▶ DESCRIPTION OF THE TASK: For the data that follows, return each line unchanged and drop the pictures.

▶ GIVEN DATA:
===
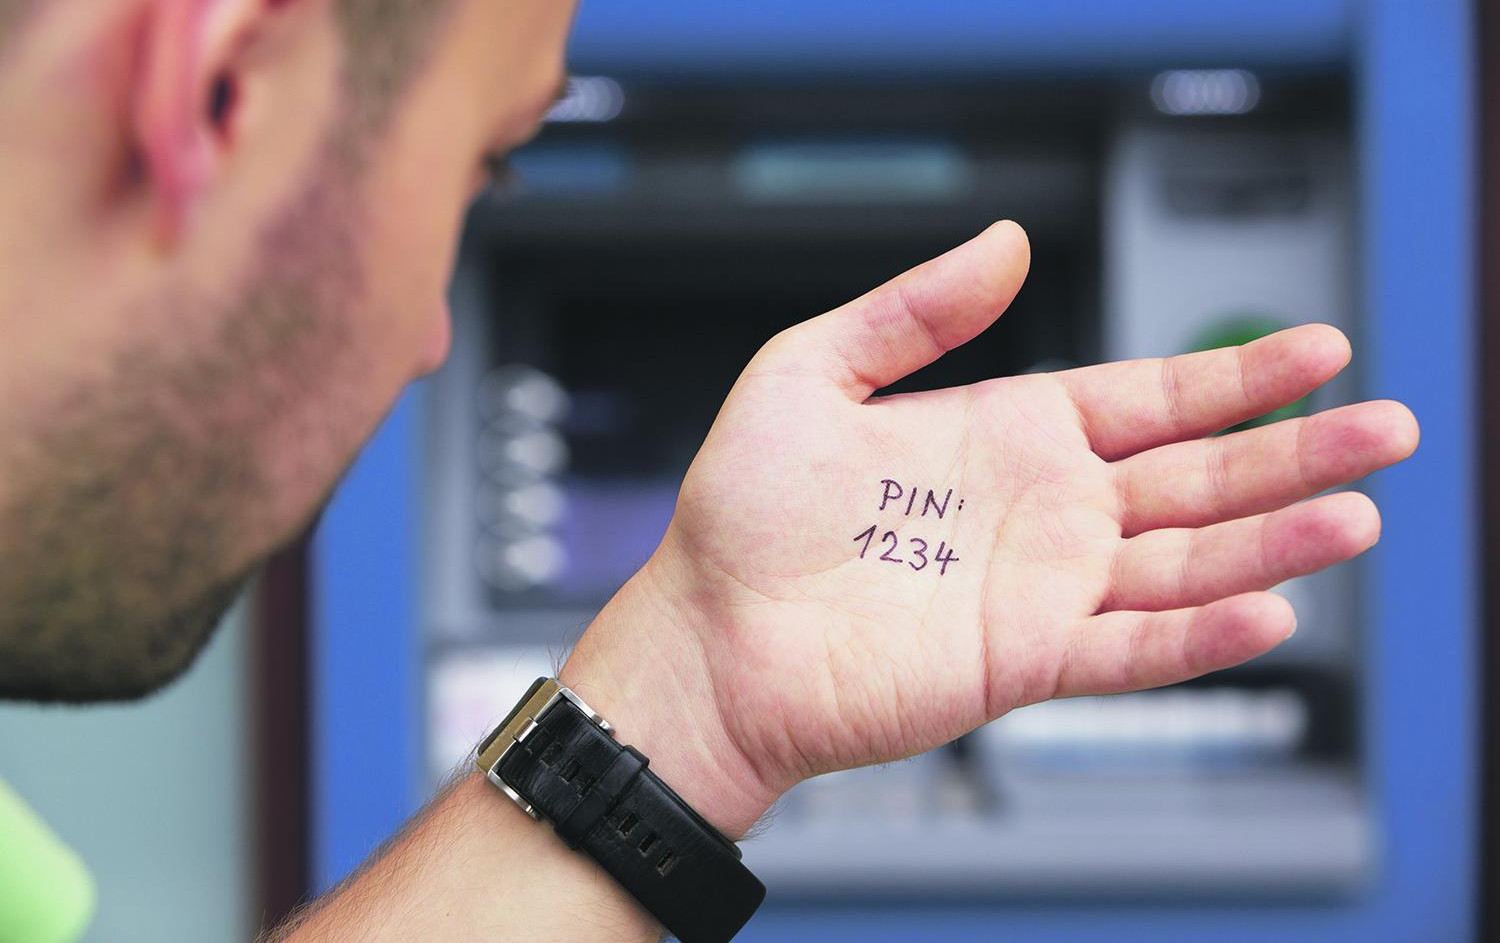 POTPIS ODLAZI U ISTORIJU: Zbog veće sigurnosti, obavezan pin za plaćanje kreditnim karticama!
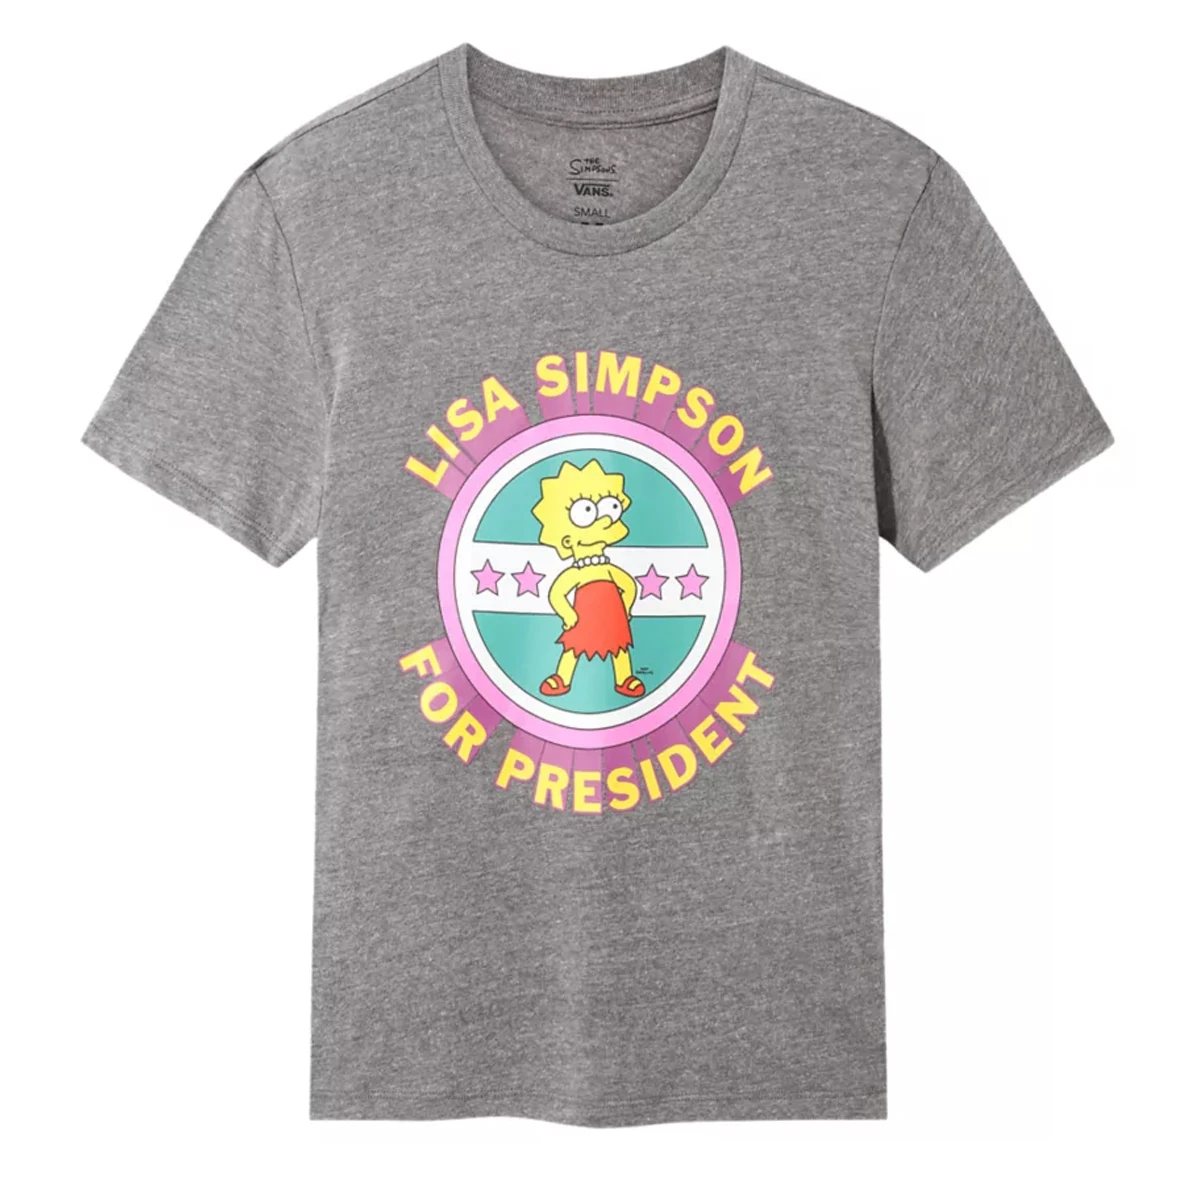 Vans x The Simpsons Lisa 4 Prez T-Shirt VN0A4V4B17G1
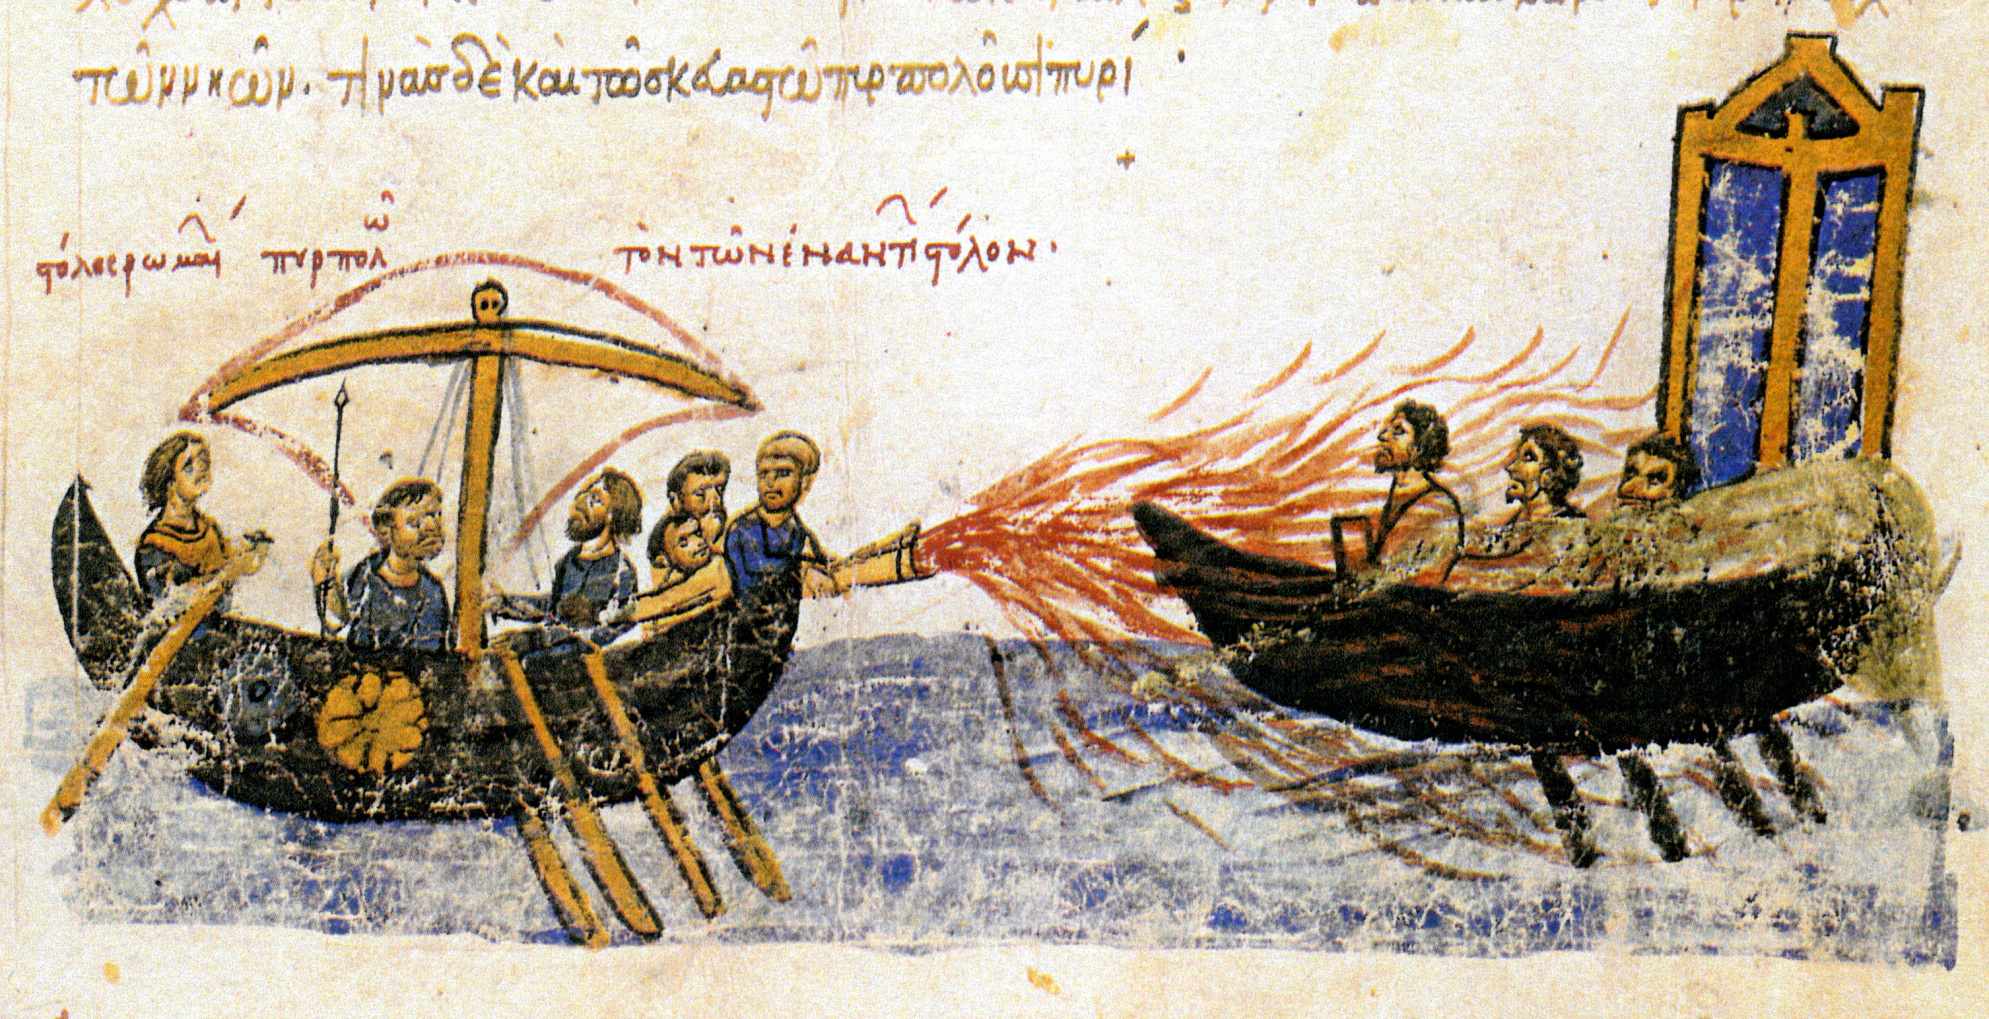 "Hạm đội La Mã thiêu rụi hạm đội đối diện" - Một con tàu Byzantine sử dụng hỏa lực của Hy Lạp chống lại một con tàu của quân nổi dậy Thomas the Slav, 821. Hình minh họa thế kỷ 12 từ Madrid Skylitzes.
===
▶ TASK SOLUTION:
 POTPIS ODLAZI U ISTORIJU: Zbog veće sigurnosti, obavezan pin za plaćanje kreditnim karticama!
 Vans x The Simpsons Lisa 4 Prez T-Shirt VN0A4V4B17G1
 "Hạm đội La Mã thiêu rụi hạm đội đối diện" - Một con tàu Byzantine sử dụng hỏa lực của Hy Lạp chống lại một con tàu của quân nổi dậy Thomas the Slav, 821. Hình minh họa thế kỷ 12 từ Madrid Skylitzes.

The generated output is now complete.